Published Date 9/27/2024
The dream of buying a home with friends can quickly turn into a nightmare when it's time to part ways, according to The Wall Street Journal’s Dalvin Brown.
As the housing market soared during the pandemic, more friend groups pooled resources to purchase property together. Now, some are discovering the challenges of untangling shared finances without damaging relationships.
Brown tells the story of Celeste King who, in 2021, invested $100,000 with two friends to buy and renovate a lake house near Austin, Texas. The vision of weekend getaways and work retreats at a fraction of the cost seemed idyllic. However, after two years, King wanted out due to renovation frustrations and rental guest issues. Her options were stark: lose her share of the 50% appreciation or risk losing her friendships.
Data shows a surge in friend groups buying homes together in recent years, particularly among those priced out of the solo market, according to Brown. “The fantasy of shared experiences at a reduced cost was alluring. But as some co-owners look to exit, they face a complex challenge: how to disentangle finances while preserving friendships?”

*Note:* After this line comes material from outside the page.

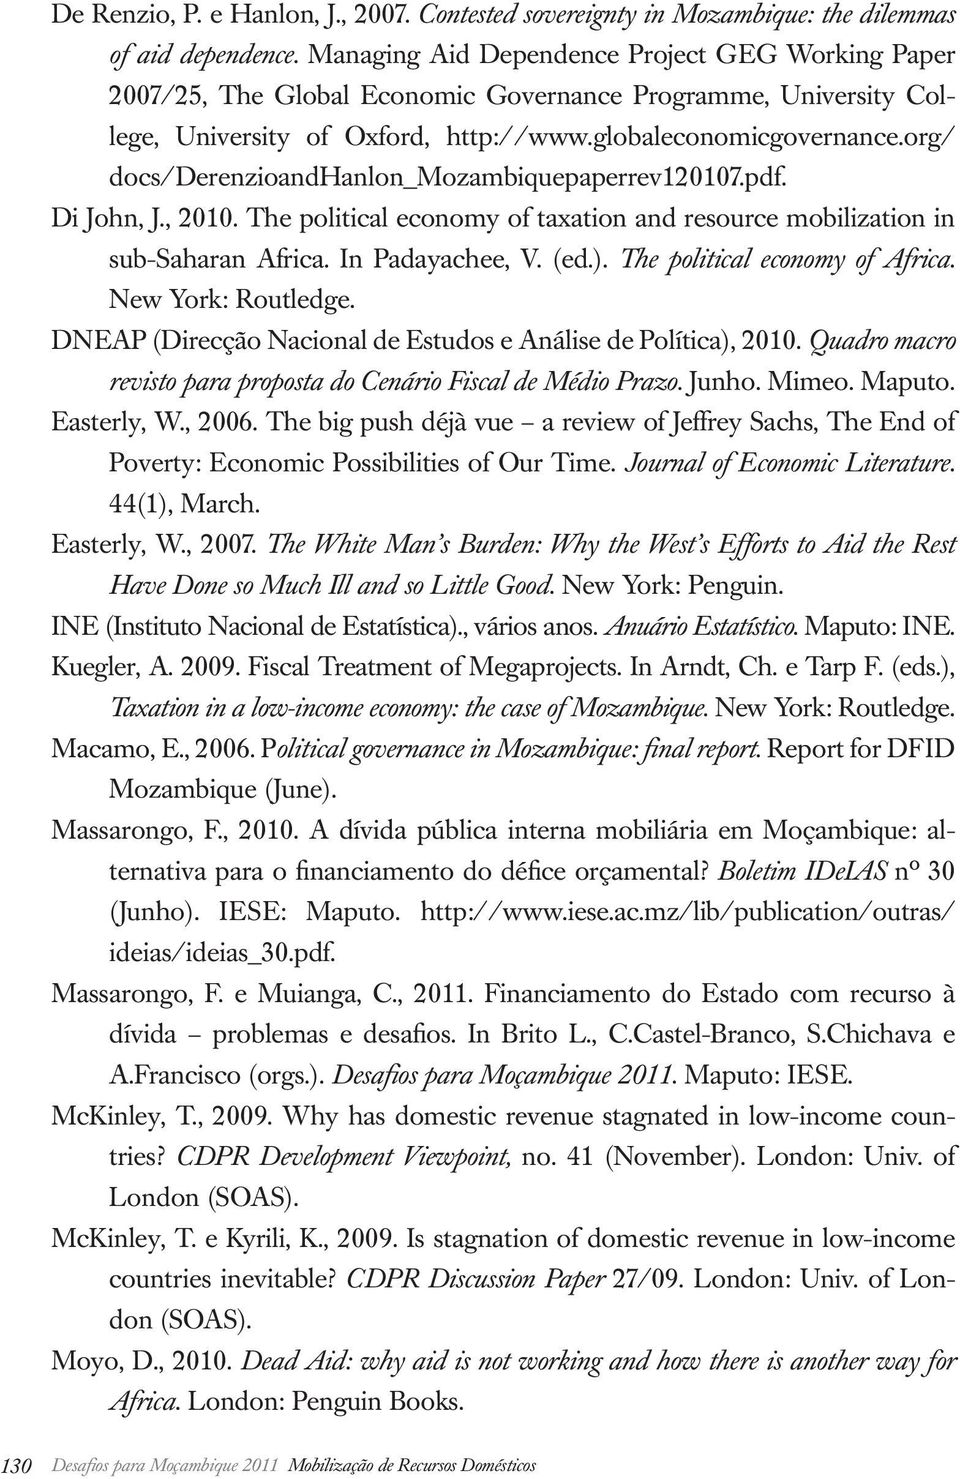 org/ docs/derenzioandhanlon_mozambiquepaperrev120107.pdf. Di John, J., 2010. The political economy of taxation and resource mobilization in sub-saharan Africa. In Padayachee, V. (ed.).

He says King's experience highlights the emotional complexities. Her friends couldn't afford an immediate buyout, so she agreed to monthly installments over several years. "That's the big con to doing business with friends," King reflected. "Because I still care about those people, I'm willing to be less self-interested."
The trend of co-buying peaked in 2021 but has since declined. According to Attom Data Solutions, the number of co-buyers with different last names fell 29.5% over the following two years. Zillow reports that the percentage of co-buyers who purchased with friends dropped from 14% in 2023 to 7% in 2024.
Real estate analysts predict this trend may further recede as the Federal Reserve cuts interest rates, potentially making traditional homeownership more accessible to first-time buyers. Lower mortgage rates could also open refinancing options for existing co-owners.
Brown cites real estate lawyer Andy Sirkin, who notes that most co-ownership dissolutions aren't due to conflict but life changes like moving, marriage, or job relocations. However, close quarters can indeed spark difficulties.
Another story? In 2019 Kristen Sarah and Siya Zarribi bought a house with friends in Ontario, hoping to create a nurturing community for their newborn. The pandemic exacerbated tensions, with disputes becoming awkward and inescapable noise issues. After a year, both families moved out, remaining friends but selling the property in 2021 for a profit.
Even compatible co-owners face complex decisions as exit points approach, says Brown. Veronica Vest and Tara Takano, who bought a home in Portland in 2020, included a five-year reassessment clause in their contract. As they approach this milestone, they're grappling with potential buyout scenarios and the impact of continued property appreciation.
Often, the challenge lies in deciding whether to sell at all. Brown cites yet another tale where two friends in South Florida bought an investment property. Despite wanting to keep it, he found himself at odds with his partner who was ready to sell due to rising costs and market conditions. "If it was only my house, I'd be in it for the long run," he said. "But it is a partnership. We need to be aligned, and it is uncomfortable when we're not."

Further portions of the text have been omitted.